When can we talk to aliens?

Story highlights

  • NASA scientists discuss steps to discover life elsewhere in the universe over the next two decades
  • Meg Urry: Life elsewhere in the universe, and even elsewhere in our own Milky Way galaxy, is practically inevitable
  • But the chances that we can communicate with that life are slim, she writes

Meg Urry is the Israel Munson professor of physics and astronomy at Yale University and director of the Yale Center for Astronomy and Astrophysics. The opinions expressed in this commentary are solely those of the author.

(CNN)Are we alone in the cosmos? Or might there be intelligent life elsewhere?

Last week, NASA scientists discussed in very concrete terms the steps to discovering life elsewhere in the universe over the next decade or two.
This year is the 20th anniversary of the discovery of a planet around a star like our own sun, 51 Pegasi. Since then, ground-based surveys and NASA's Kepler satellite have discovered nearly 2,000 confirmed "exoplanets," and thousands more candidates await confirmation.
Many of these planetary systems are quite unlike our own solar system. Some have large planets like Jupiter that orbit their stars far closer than Mercury, the innermost planet in our solar system. But smaller rocky planets like Earth, though harder to find, appear to be even more abundant.
Life on Earth developed in its oceans about a billion years after the planet formed. That suggests that rocky planets with liquid water on their surfaces might also have developed primitive forms of life.
Life as we know it is carbon-based and requires liquid water. Astronomers define the "habitable zone" around a star as the region within which liquid water can exist on a planet's surface.

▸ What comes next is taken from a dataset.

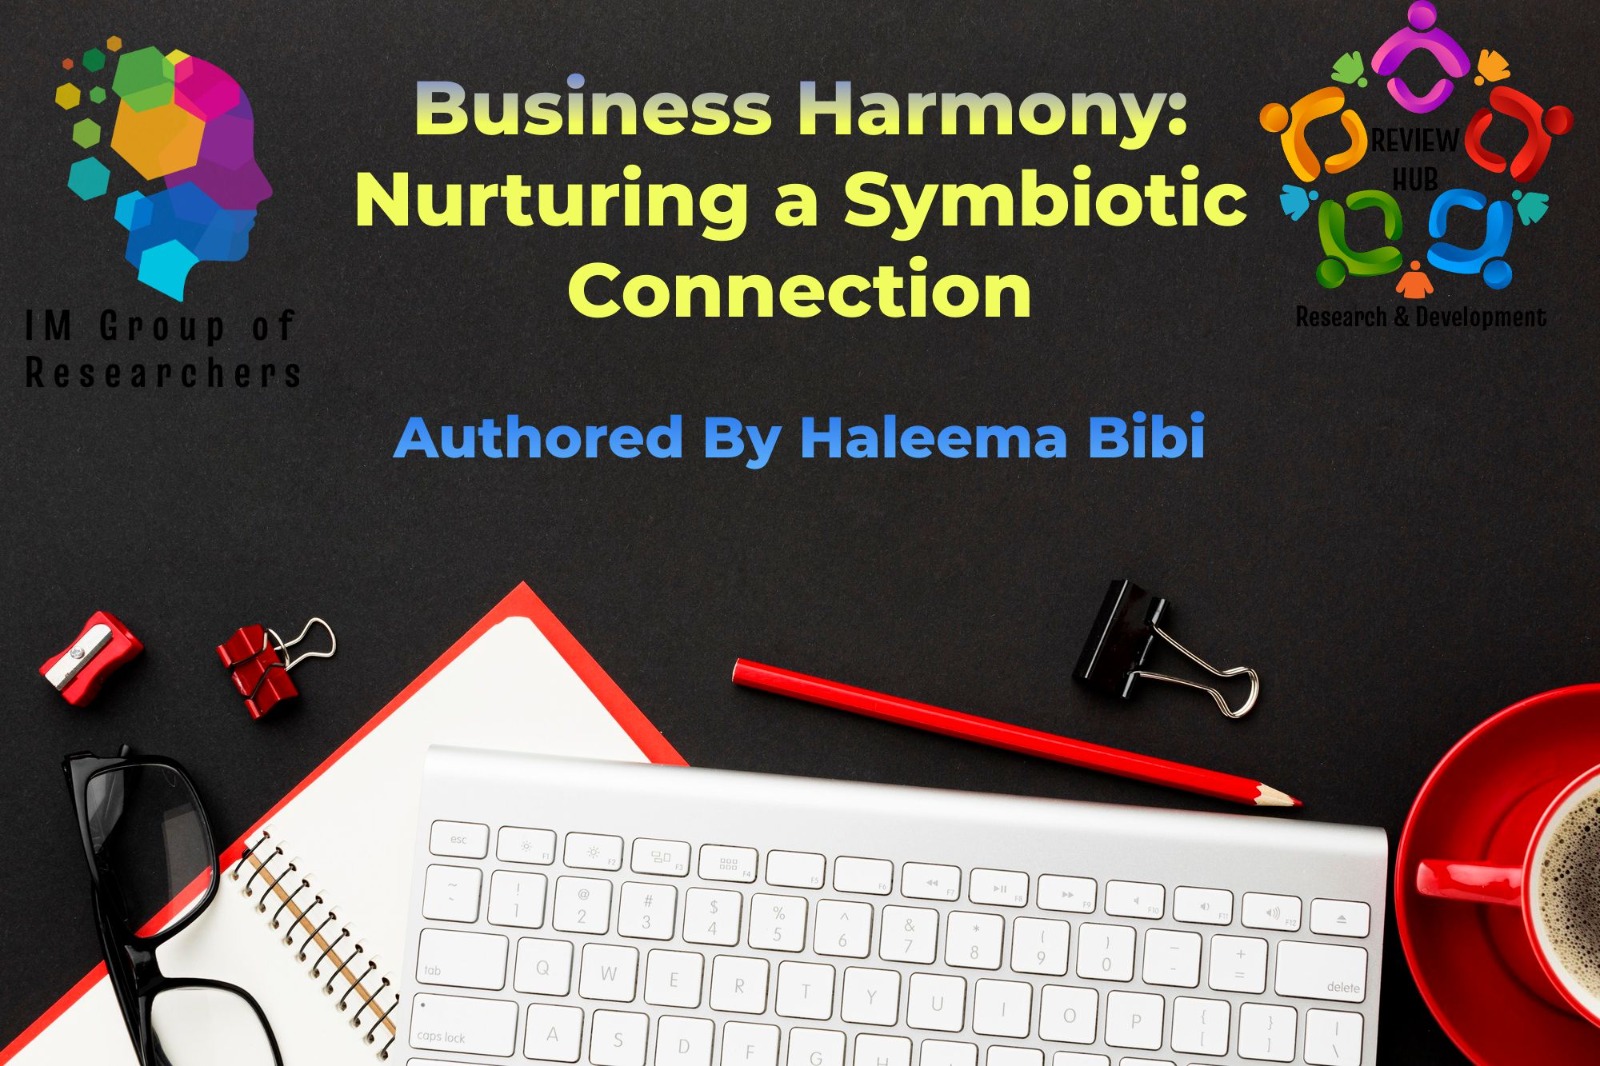 Business Harmony: Nurturing a Symbiotic Connection
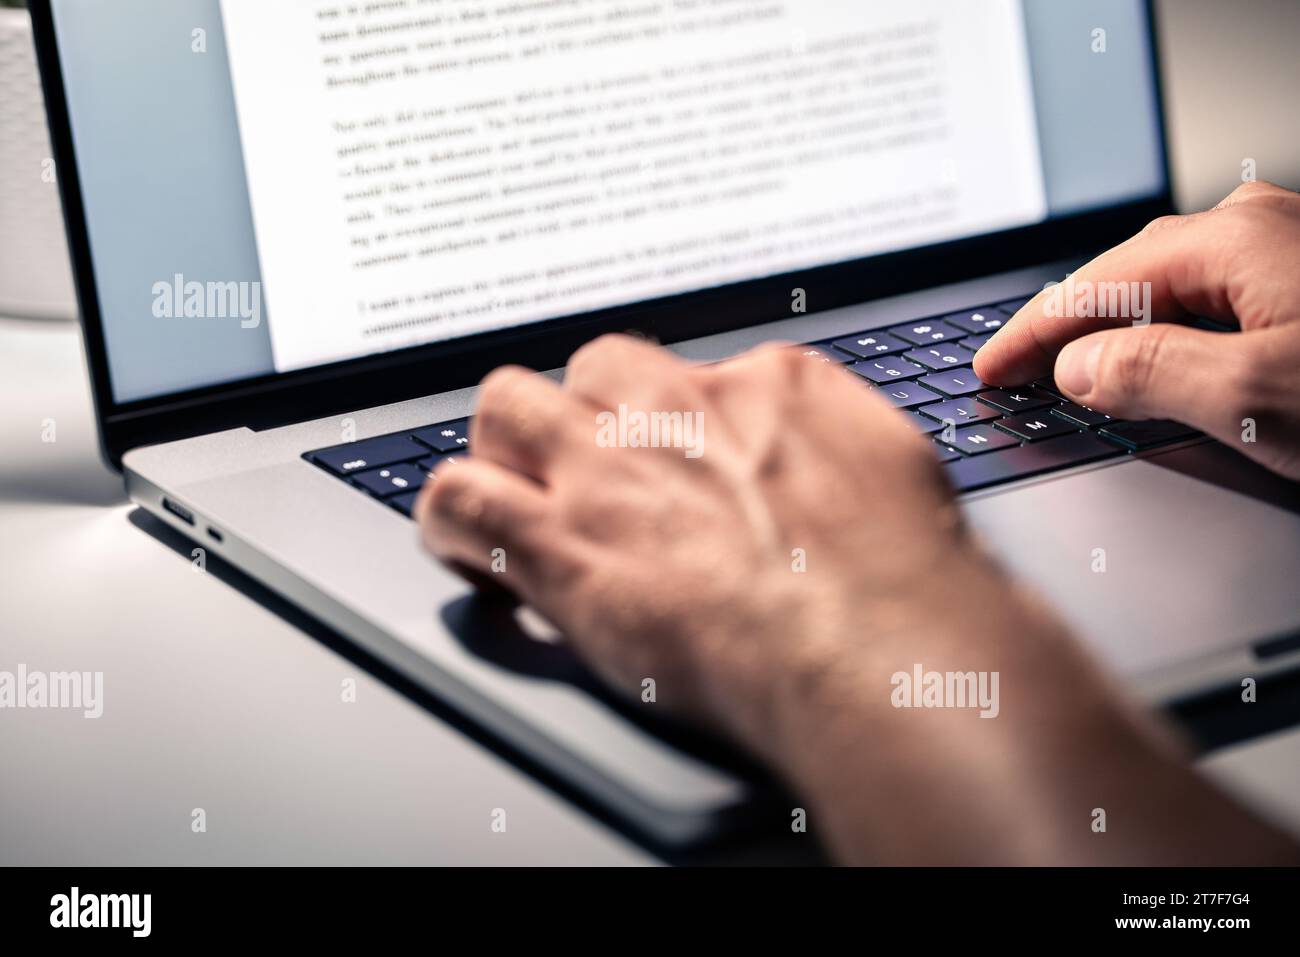 Writing text document, online content, book, letter or essay. Writer, journalist or freelance columnist with laptop. Resume, news article, report. Stock Photo

Any closer to the star, the water will boil into vapor; any farther and the water freezes into ice.
Extrapolating from discoveries to date, astronomers estimate there are perhaps 40 billion Earth-like, habitable-zone planets in our Milky Way galaxy alone.
Of course, there is a difference between single-celled organisms -- which developed 3.8 billion years ago and remained the most sophisticated form of life for another billion years or so -- and mammals, which appeared about 200 million years ago. And then the humans, who have existed for only 200,000 years.
Intelligent life that can communicate via radio waves with other intelligent life is less than 100 years old here on Earth.
So while planets that develop simple forms of life may be a dime a dozen, the number that have sentient beings with whom to converse -- even assuming they evolved as humans did, with ears and spoken language, or eyes and written language -- is likely to be tiny. And life that can use radio waves has existed on Earth for only 0.000002% of the planet's history -- 100 years out of 4.5 billion. If the half dozen or so rocky, Earth-like exoplanets now known are similar, the odds of discovering humanlike life on them are about the same as, well, winning your state lottery with one ticket.
Of course, if there are 40 billion Earth-like planets out there, the odds improve quite a bit. If they all have histories like the Earth's, there might be 1,000 planets in the Milky Way that could support communicative beings.
But before you start composing your first letter to an alien, think about this: The chance that those beings evolved on exactly the same time scale is minuscule. Another planet's 100 years of brilliance might have occurred a billion years ago, or it might happen a billion years in the future.
A lot depends on how long communication capabilities last. Civilizations that can build huge telescopes and broadcast stations also have the technology to destroy their planet. So the duration of the Communication Age on a planet could be short. Not to mention: The average light-travel-time to such a planet could be tens of thousands of years, so unless humans evolve to be ageless, we're not exchanging IMs with aliens anytime soon.
If advanced civilizations can maintain their capabilities for millions of years or more, the chances of communicating with them are not negligible. But in that case, they are likely to be far more sophisticated than we are (since they developed the capability far earlier than we did) -- so if they wanted us to know they exist, wouldn't they simply tell us?
The SETI project has been listening for such broadcasts for more than 30 years in the search for extraterrestrial intelligence. Probably the most likely form of life on exoplanets is far more primitive. Astronomers have found signatures of organic molecules, the building blocks of life, in the interstellar material that permeates the space between stars in our galaxy.
Possible signatures of living organisms on distant exoplanets include an oxygen-rich atmosphere, such as that created by the first bacteria on Earth, or perhaps methane or carbon dioxide. NASA's James Webb Space Telescope, to be launched in 2018, will look for evidence of life in the atmospheres of rocky, habitable exoplanets.
NASA's rovers have shown that Mars was once much more habitable. It had fresh-water lakes and streams of water running along its surface. Some water still remains, and there may yet be life discovered on Mars. New missions plan to look at Europa and Ganymede, moons of Jupiter that have liquid water below their icy surfaces.
Life elsewhere in the universe, and even elsewhere in our own Milky Way galaxy, is practically inevitable. Signs of life on exoplanets orbiting nearby stars will probably be discovered in the coming decades with advanced telescopes. But the chance of talking to those little green men will probably have to wait for another few hundred million years.